Stored dataset items:
--------------------

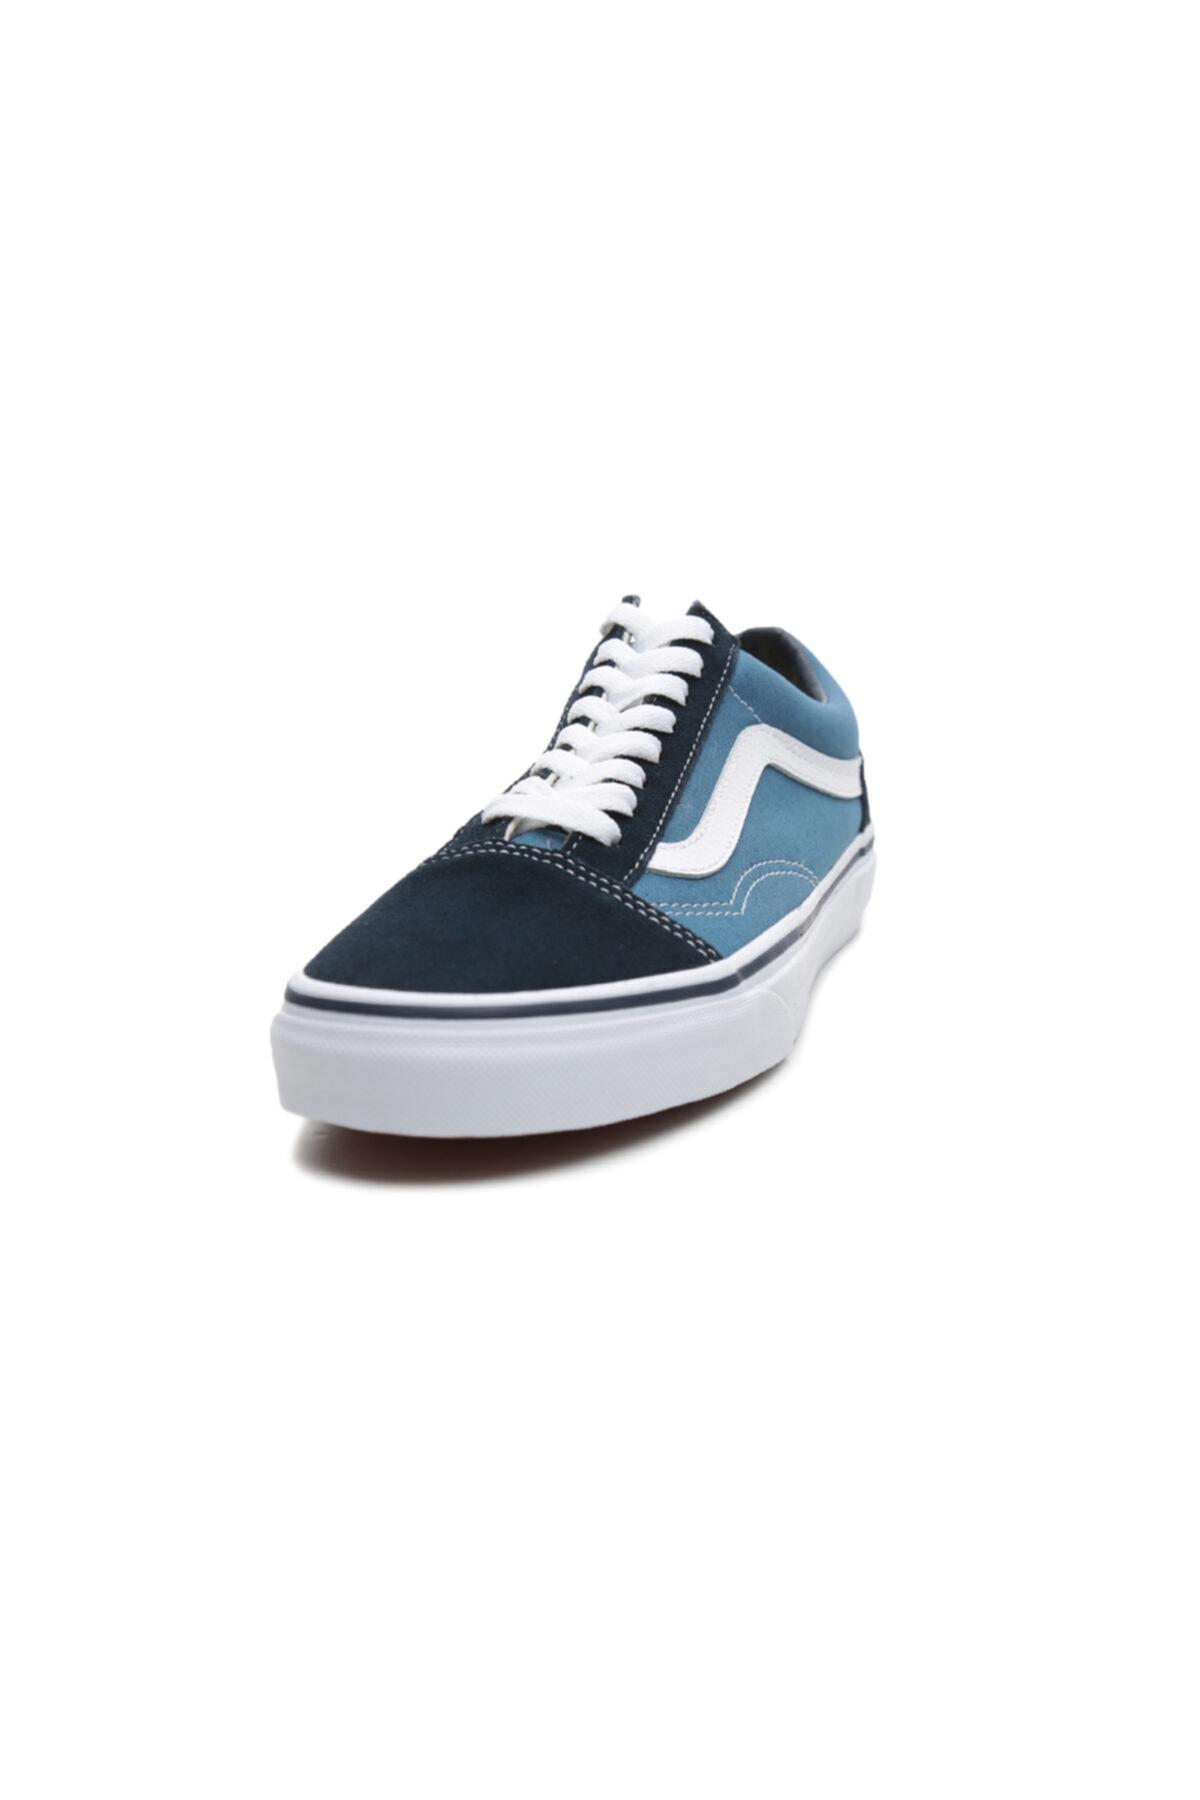 Vans Old Skool Unisex Spor Ayakkabı Mavi 2
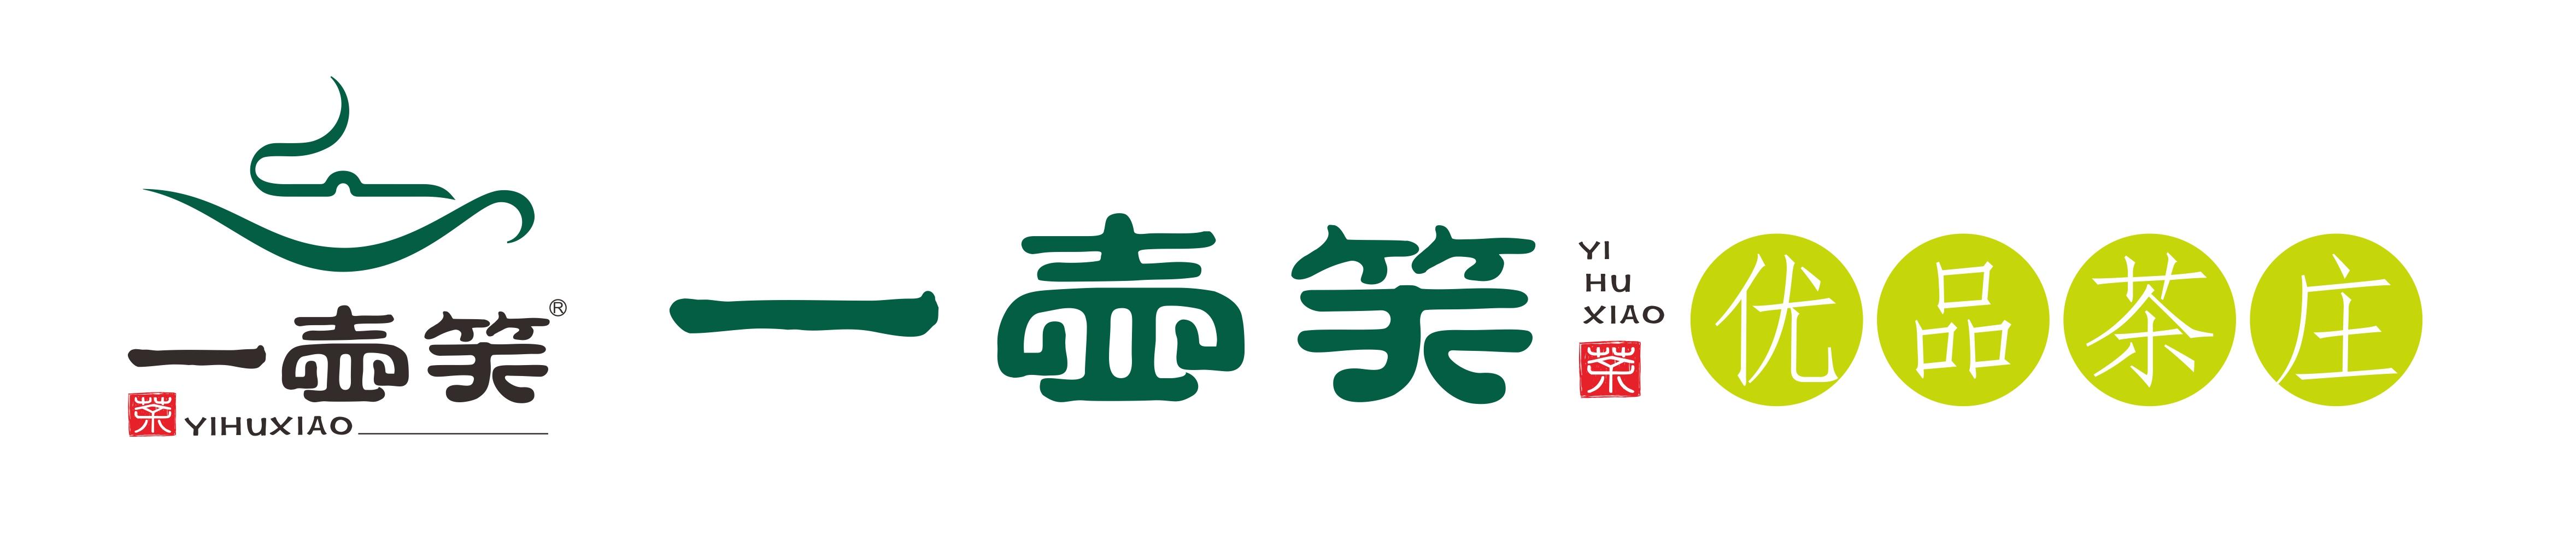 一壶笑茶庄(铁观音茶酒)
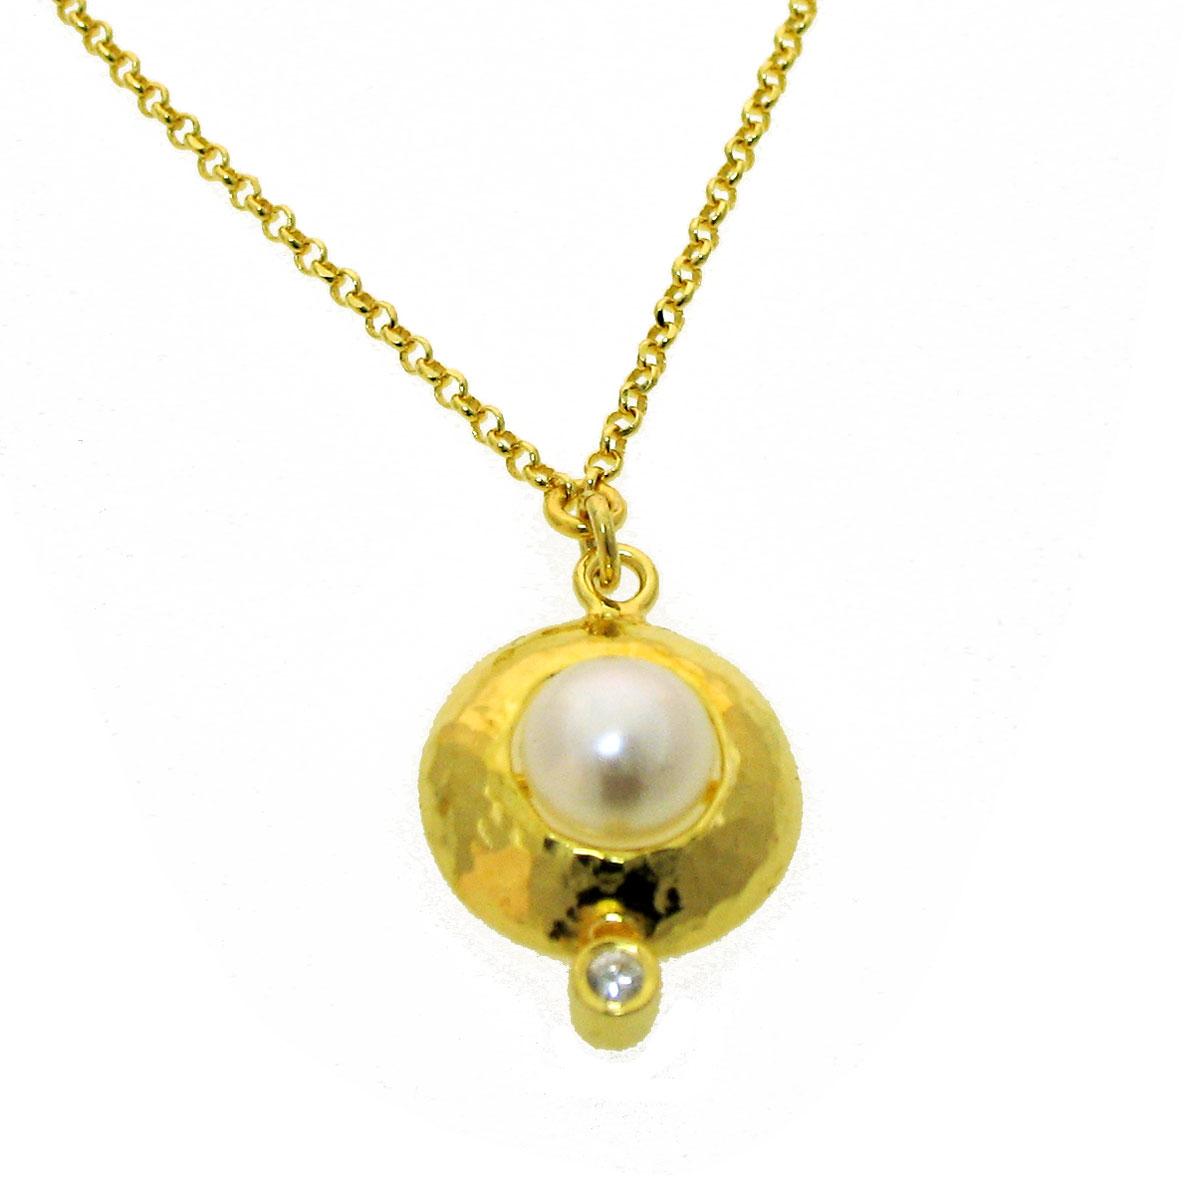 Χειροποίητο κολιέ από επιχρυσωμένο ασήμι 925ο με ημιπολύτιμες πέτρες  (Πέρλες και Ζιργκόν).  IJ-040009  38cb3690092
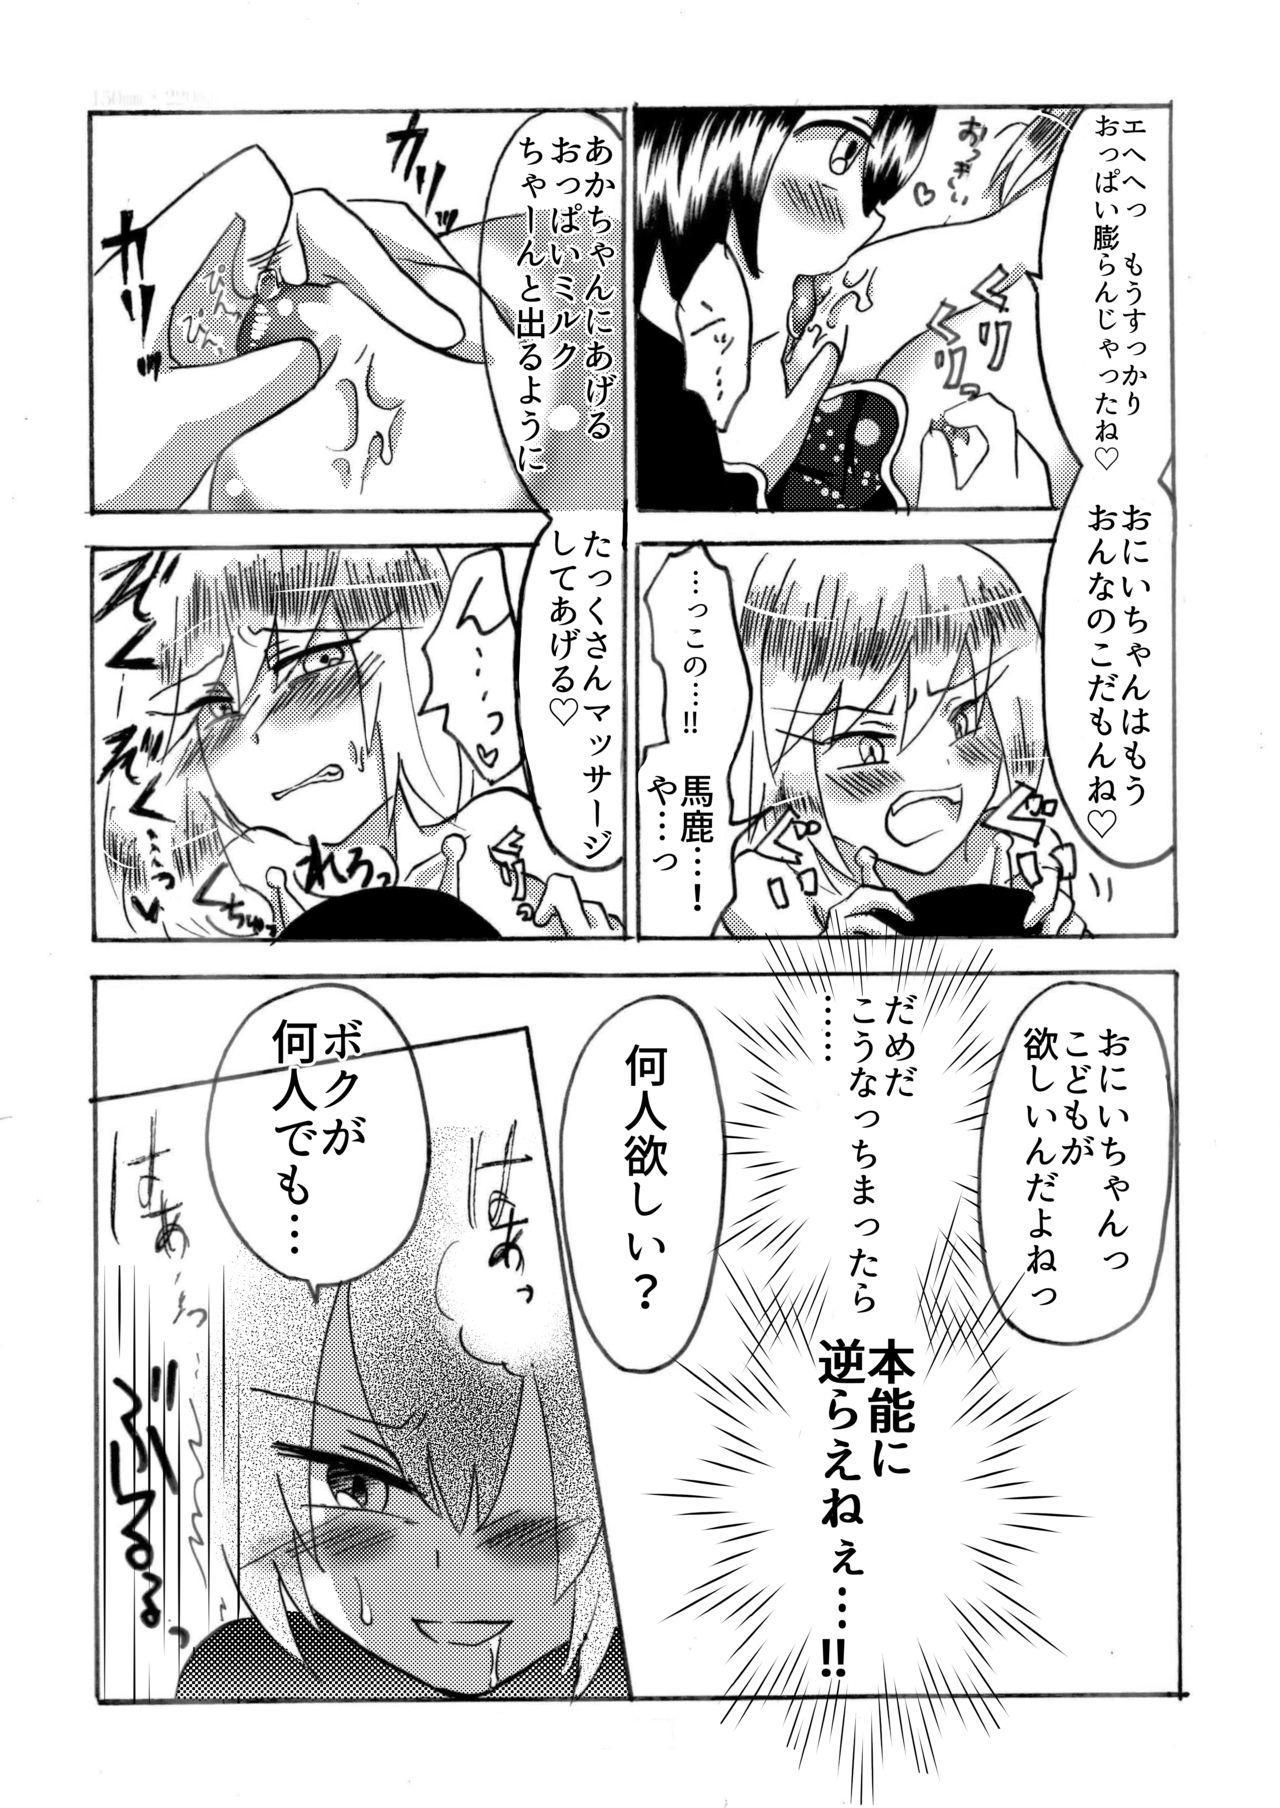 Hira-zoku no Hanashi 28
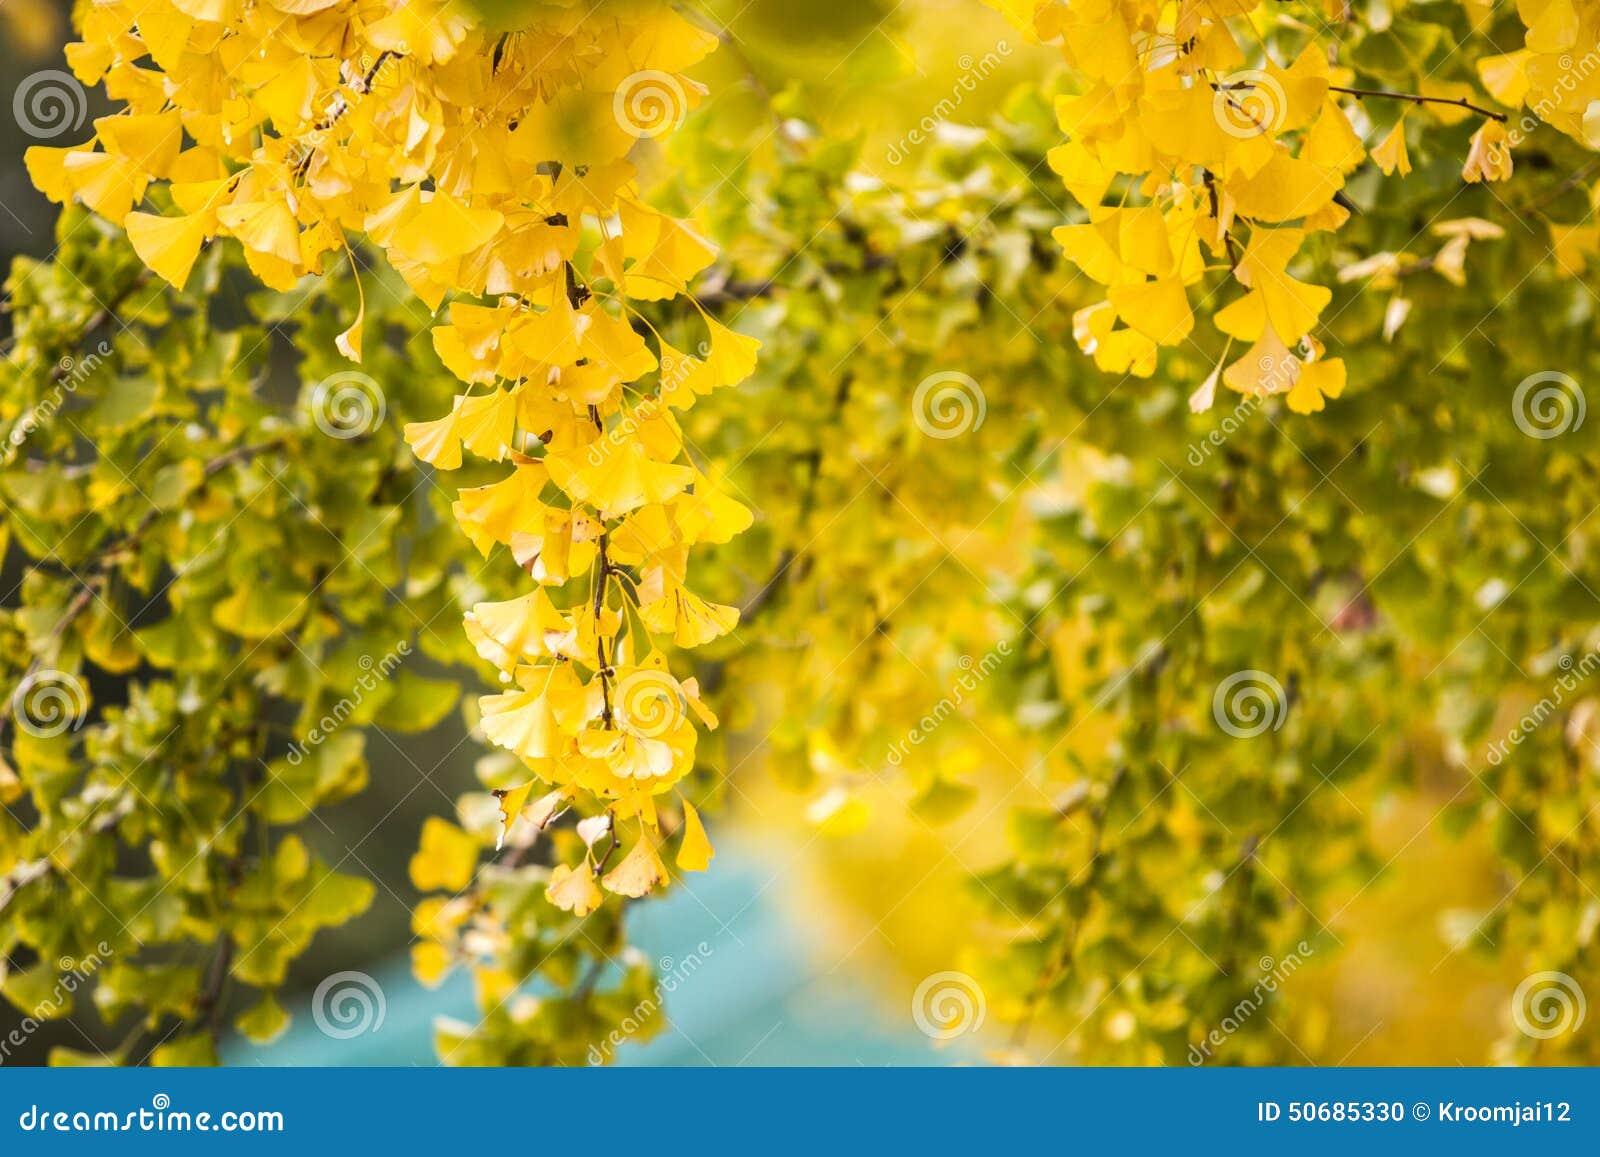 Download 在壮观的秋天颜色的银杏树叶子 库存例证. 插画 包括有 医学, 银杏树, 纹理, 秋天, 背包, 自治权 - 50685330

--------------------

To do >>
Each record above should be returned unchanged, except that the pictures are dropped.

Result of the exercise >>
 Vans Old Skool Unisex Spor Ayakkabı Mavi 2
 一壶笑茶庄(铁观音茶酒)
 Χειροποίητο κολιέ από επιχρυσωμένο ασήμι 925ο με ημιπολύτιμες πέτρες  (Πέρλες και Ζιργκόν).  IJ-040009  38cb3690092
 Hira-zoku no Hanashi 28
 Download 在壮观的秋天颜色的银杏树叶子 库存例证. 插画 包括有 医学, 银杏树, 纹理, 秋天, 背包, 自治权 - 50685330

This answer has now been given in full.